Orpha number ORPHA1358
Synonym(s) Myopathy - Moebius - Robin syndrome
Prevalence <1 / 1 000 000
Inheritance
  • Autosomal recessive
Age of onset Neonatal/infancy
ICD-10
  • Q87.0
OMIM
UMLS -
MeSH -
MedDRA -
SNOMED CT -

Summary

Carey-Fineman-Ziter (CFZ) syndrome is a rare condition characterized by the association of hypotonia, Moebius sequence (bilateral congenital facial palsy with impairment of ocular abduction), Pierre-Robin sequence (micrognathia, glossoptosis, and high-arched or cleft palate), unusual face, and growth delay. Less than 20 cases have been reported the literature, including two pairs of sibs. Most patients had non-specific peripheral (myopathy) or central (brain anomaly) causes of hypotonia. Some had a non-specific myopathy, with consequent severe scoliosis. Other features, reported in one or two patients with CFZ, included brain anomalies (ventriculomegaly, reduced white matter, neuronal heterotopias, small foci of necrosis with microcalcifications, small pons and brainstem with enlarged pre-pontine and pontocerebellar cisterns), absence of the pectoralis major muscle with an ulnar deviation of the hand (Poland sequence), laryngostenosis, unexplained intermittent arterial hypertension with facial flushing and sweating, hydronephrosis, glanular hypospadias, and talipes equinovarus. Intelligence may be normal but mental disability has been reported. One patient also presented with a gastrointestinal disturbance with biopsy-proven villous atrophy.
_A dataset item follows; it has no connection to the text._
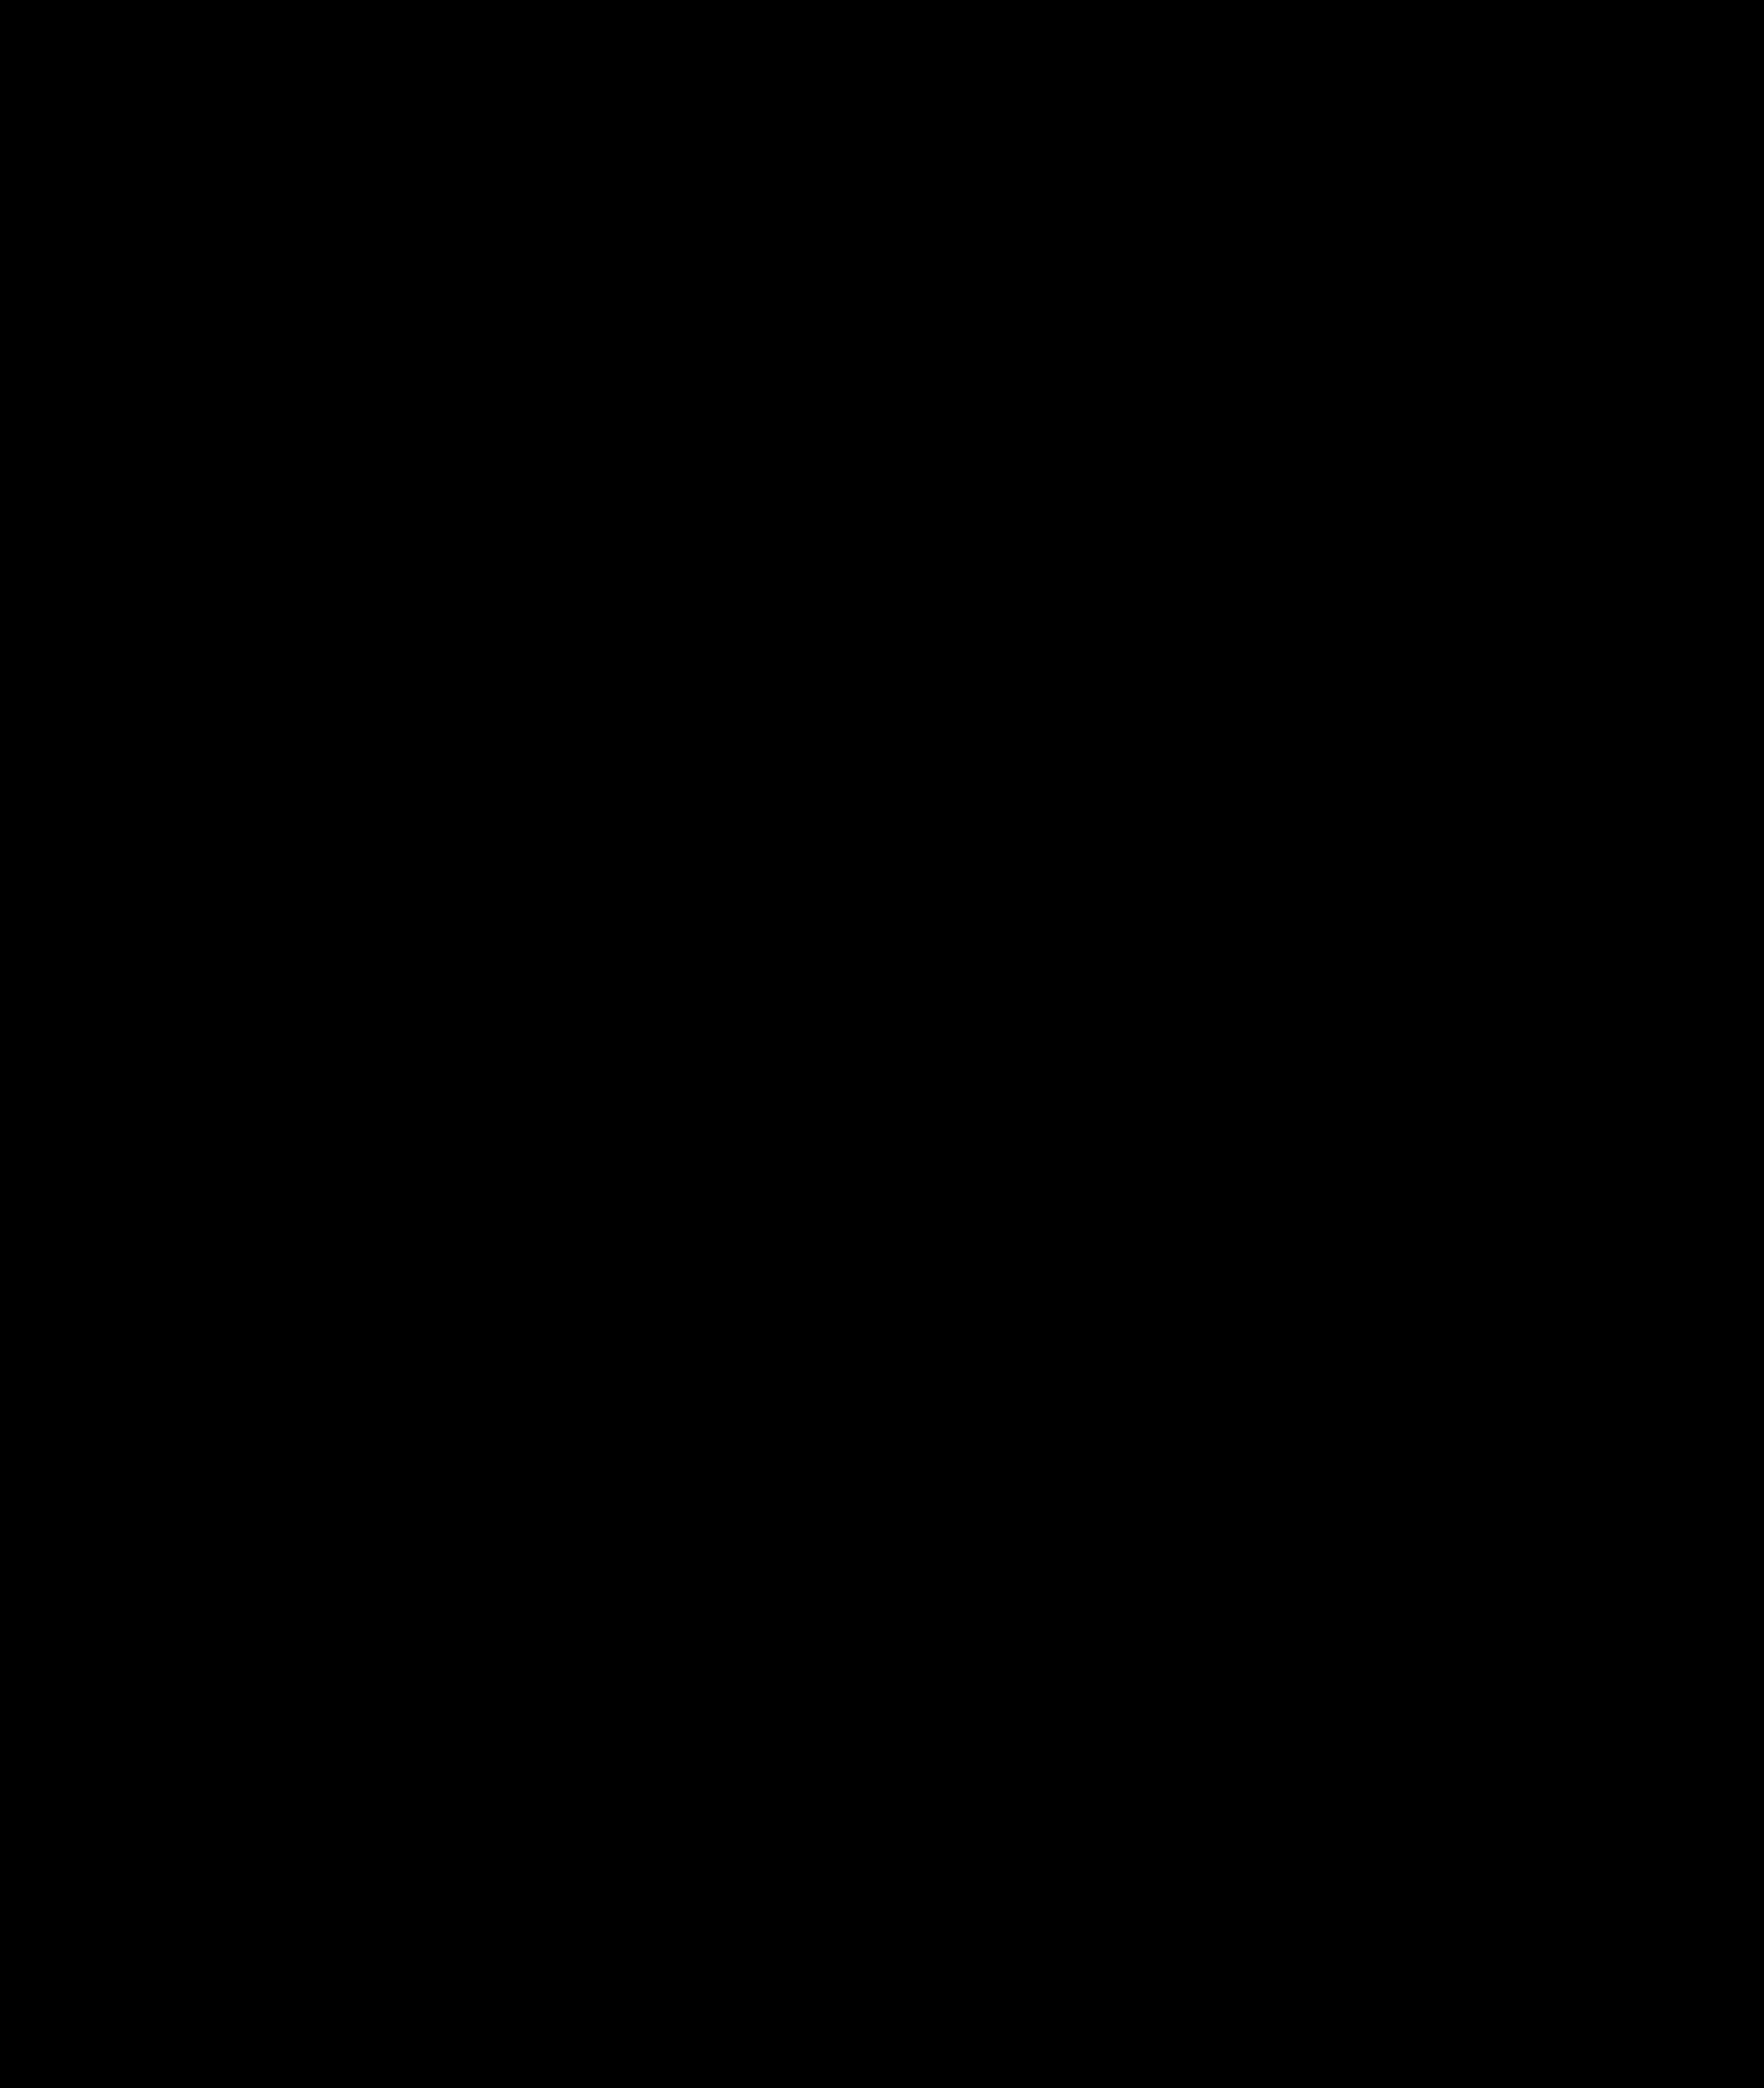 png library stock Vector emblem shield. Logos

Although CFZ syndrome has been reported in two pairs of sibs, suggesting an autosomal recessive mode of inheritance, the recurrence risk does not seem to be as high as 25%. Diagnosis can be made on the basis of clinical features, but magnetic resonance imaging (MRI) is necessary to detect the brain anomalies. Scoliosis necessitated rod placement in one patient during adolescence, and in another case induced restrictive lung disease and death from pneumonia at 37 years of age.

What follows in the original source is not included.